Dimension reduction is a well-known class of methods to produce a smaller dataset. There are many, many methods out there, each of which preserves a different property of the dataset. Unfortunately, doing dimension reduction on large datasets is pretty difficult - some groups have developed computer clusters specifically to perform linear dimension reduction (PCA) on huge datasets.

You may try fitting a dimension reduction method on as much data as you can load into RAM, and then use that solution as the initialization for reducing the next set of data that is loaded. Both this paper and this paper used this kind of approach; they dealt with doing SVD on video data, which are much too large to fit into memory.

You could try sampling your huge dataset to produce a smaller dataset with similar properties. This is the idea behind randomized algorithms, such as randomized SVD, etc. Of course, these algorithms have less guarantees and may not preserve the property you are interested in.

Concepts like sketching are also in this line of thought, though sketching is based on some fancier math.

Computer memory

The hard disk is the permanent memory of your computer. When you save any file or data to your computer, it’s saved to disk. It’s a bit like writing something down in a notebook - you can access it when necessary, but you’ll probably forget about it at some point.

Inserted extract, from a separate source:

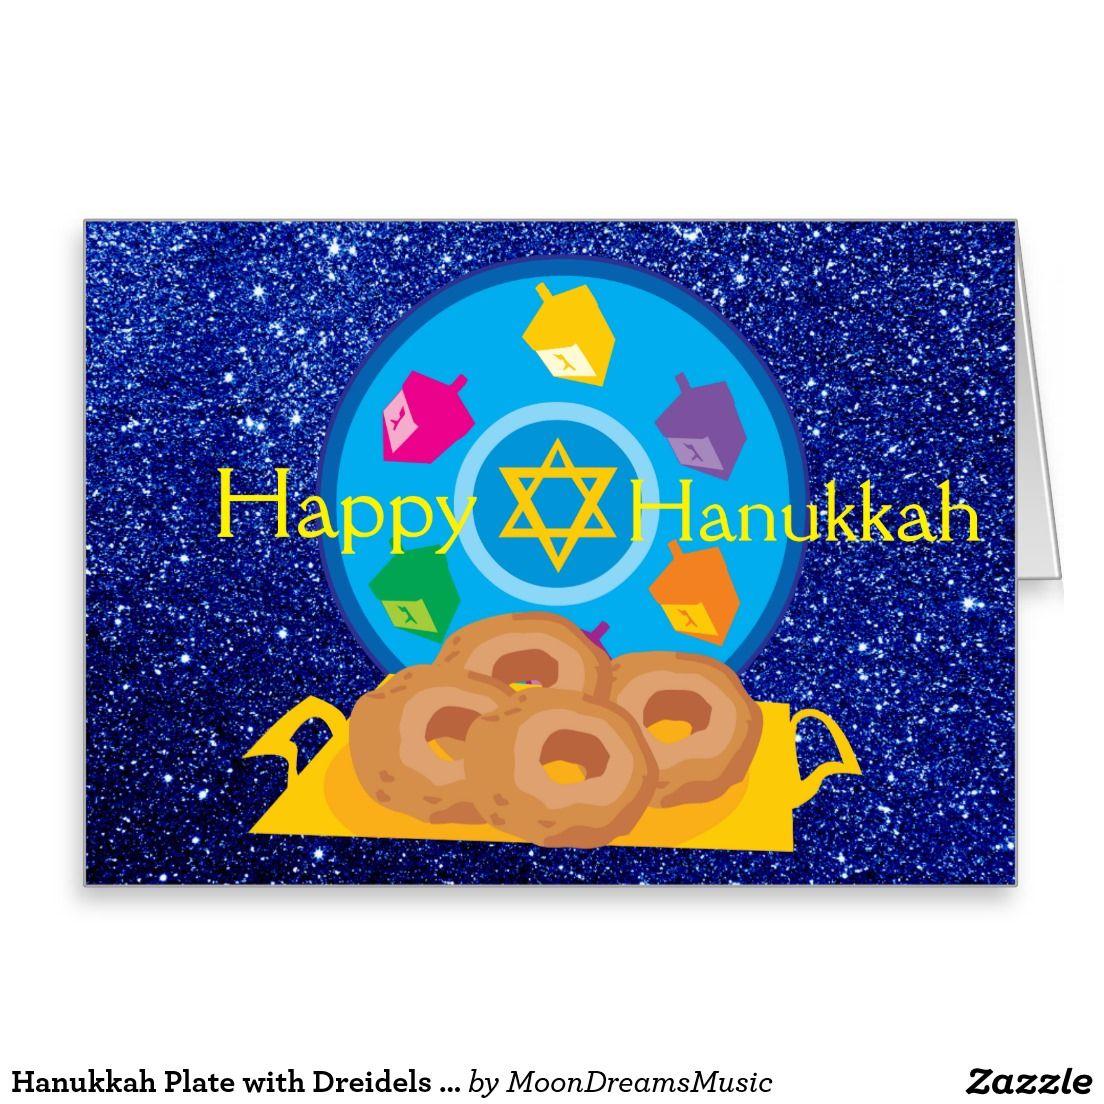 #HanukkahPlate with #Dreidels #BlueFauxGlitter #BlankNoteCard by #MoonDreamsMusic #HanukkahNotecard

RAM stands for Random Access Memory. Roughly, RAM corresponds to the amount of data that your computer can quickly access at any particular moment. RAM is like having something in your short-term memory. When you do something like load_data(file_location) in a script or interactive environment, the data is read from disk and then written to (takes up space in) RAM. Loading data is like reading something from a notebook so that you can actively work with that information. Readily having data available in RAM is necessary to visualize, model, or otherwise process and analyze it in some way.

It is often the case that we can trade memory resources for time resources. Pre-allocating matrices for speed is the most common example of this. The following code builds a list from the ground up:

1
2
3
4
%%timeit -n 10
arr = np.random.randn(1,10)
for i in range(10000 - 1):
        arr = np.concatenate((arr, np.random.rand(1,10))) # concatenating
1
10 loops, best of 5: 597 ms per loop

Whereas this code preallocates, or builds the entire list first, then fills in the list.

1
2
3
4
%%timeit -n 10
arr = np.zeros((10000,10) # preallocating
for i in range(10000):
    arr[i] = np.random.rand(1,10)
1
10 loops, best of 5: 17.4 ms per loop

As we can see, preallocating memory is about 25x faster. Thus, if you know the size of your data before processing, always make sure to preallocate (unless RAM is an issue).

In situations where the size of the data will be unknown, one way to avoid costly numpy copying could be to create a python list of numpy arrays, and append a numpy array to the python list for each new entry. This is because appending to a python list is a constant \(\textrm{O}(1)\) operation. After creating this python list of numpy arrays, we could convert the this list into an overall numpy array.